The general flap-and-gusset design is the best heel shape if you need to make adjustments for different types of arches. High arches will need a longer flap, and low arches will need a shorter flap. In my last blog, I showed how to adjust the heel flap length for cuff-down socks. I used a flap-and-gusset design with a rounded heel. This is probably the most common heel design for cuff-down patterns. However, for toe-up socks, you don’t see flap-and-gusset designs anywhere. The most common heel for toe-up socks is short-row heels. Short-row heels only work for low arches. They are a terrible fit for average and high arches.

This post will walk you through how to knit a flap-and-gusset heel on a toe-up sock. It will look exactly like the cuff-down rounded heel from my last blog post.
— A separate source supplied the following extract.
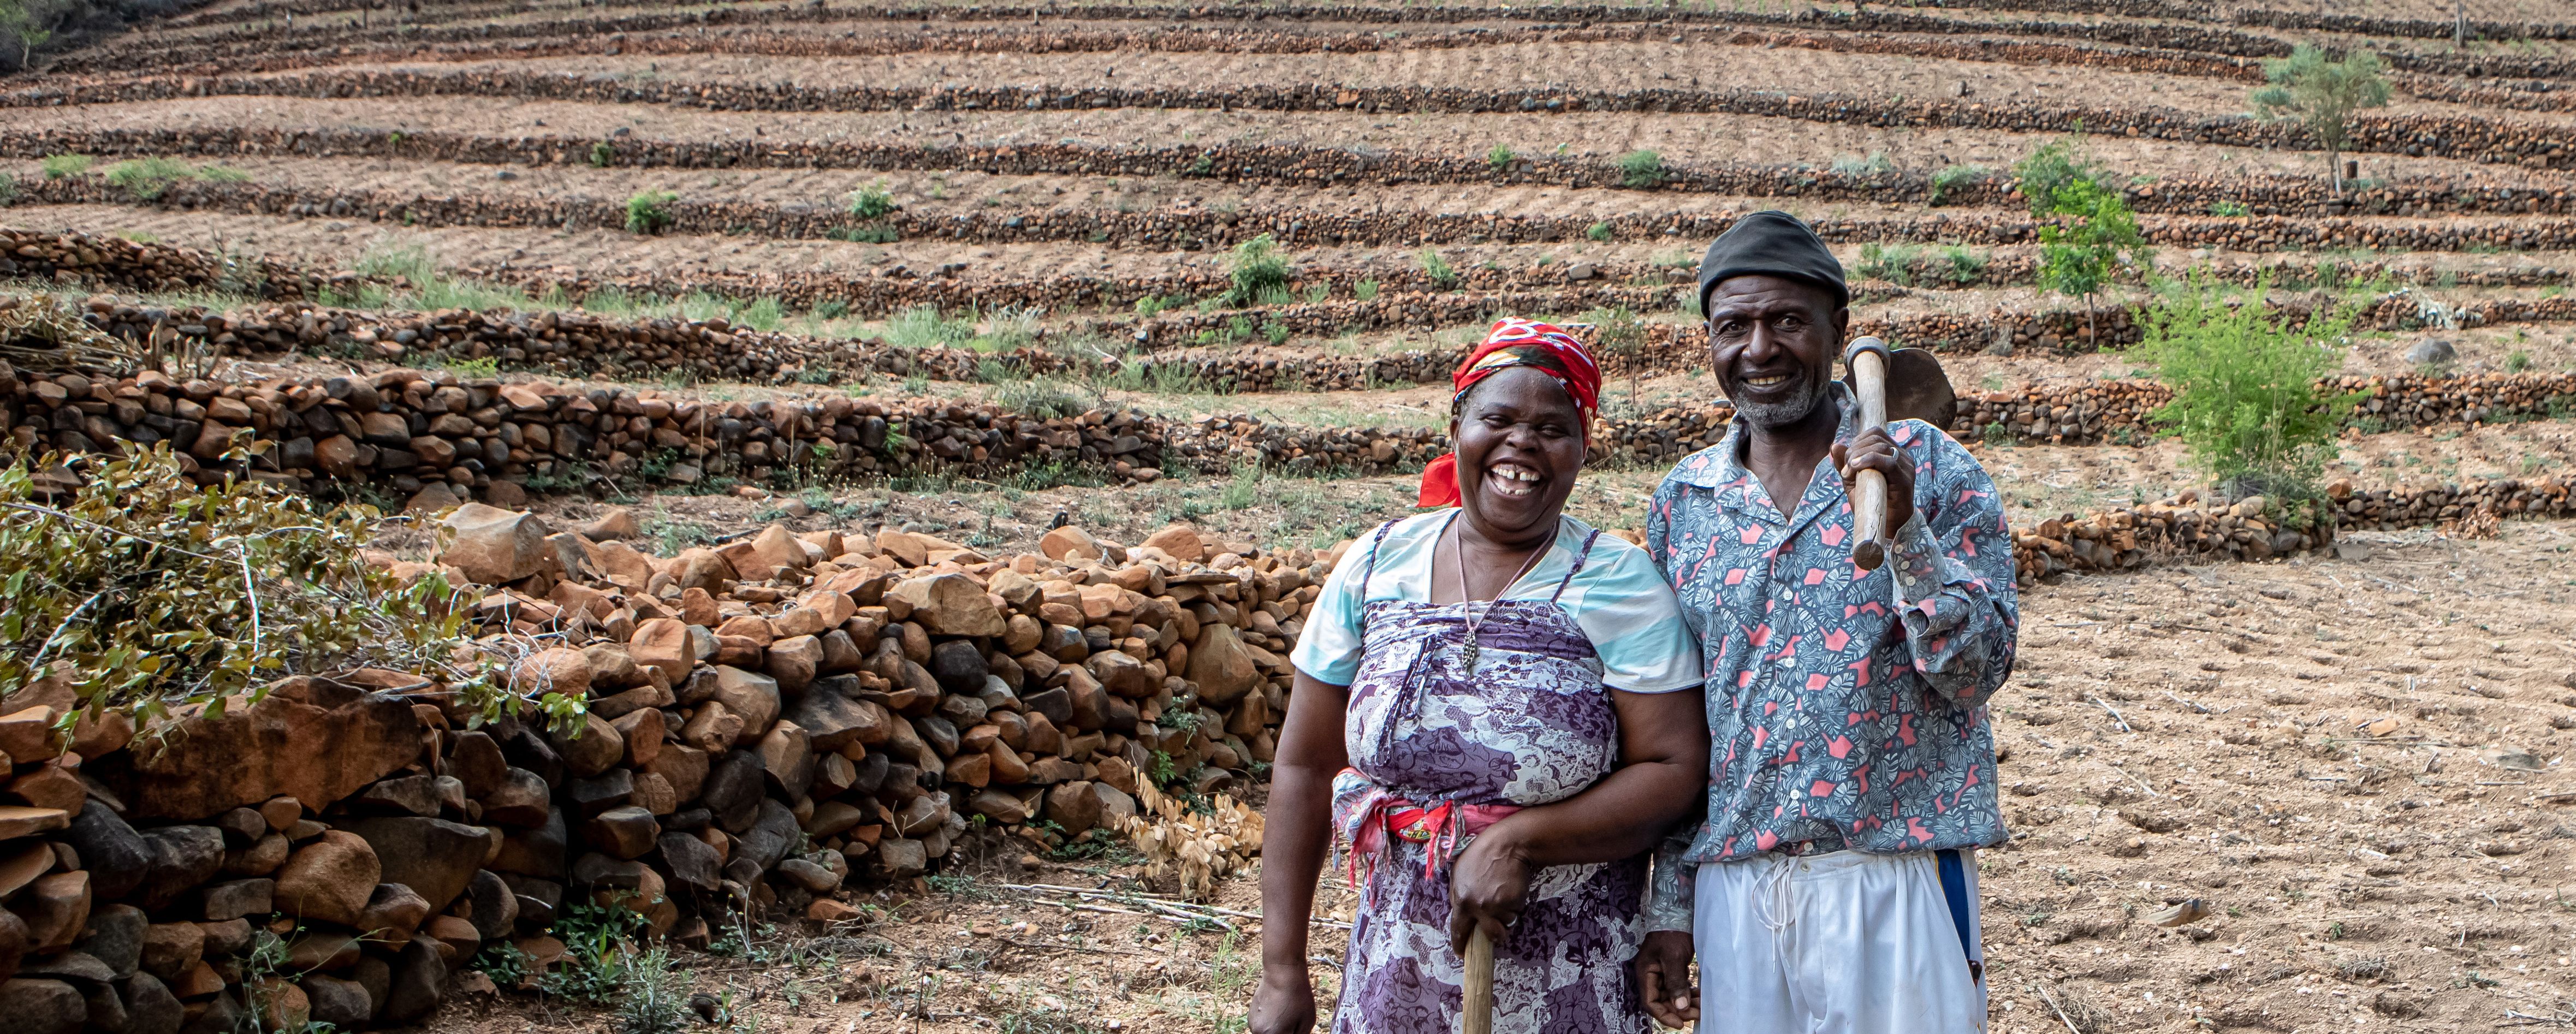 Gift Dirani (65) und seine Frau Evelyn (61) leben mit 5 ihrer 11 Kinder und 3 Enkelkindern auf ihrem Hof in Nyanyadzi, Chimanimani an der Ostgrenze Simbabwes. Die Region hat eine schwere Dürre erlebt und ist vom Klimawandel stark betroffen. Dadurch sind die Kleinbauern von großen Verlusten bei der Ernte und dem Viehbestand bedroht.Projektpartner: Towards Sustainable Use of Resources Organisation (TSURO)

The best part of knitting a flap-and-gusset heel toe-up is that you don’t have to pick up stitches at any point. You also don’t need to redistribute stitches if using the magic loop method. I definitely prefer toe-up socks now because the method is ever so slightly easier to manage, as you will see.

Width of Foot

I have gotten a few comments and questions about sock sizing. I’ve intentionally been rather vague about this because it’s so subjective. When I talk about how many stitches you need around for the main part of your sock, this will relate to the widest part of your foot. However, the number of stitches you will need depends on (1) how wide your foot is and (2) your knitting gauge. I currently knit with 60 stitches in the round. Before I got my gauge tight and consistent, I actually knitted around with 56 stitches, but my stitches were too loose. Again, practice, practice, practice to figure out how to keep consistent tension and to determine how many stitches you need to comfortably fit your foot. The number of stitches I’ve seen in adult sock patterns ranges from 52 up to 68, depending on the foot’s size. I’m not going to give you a formula or exact answer because you really just need to test it out for yourself.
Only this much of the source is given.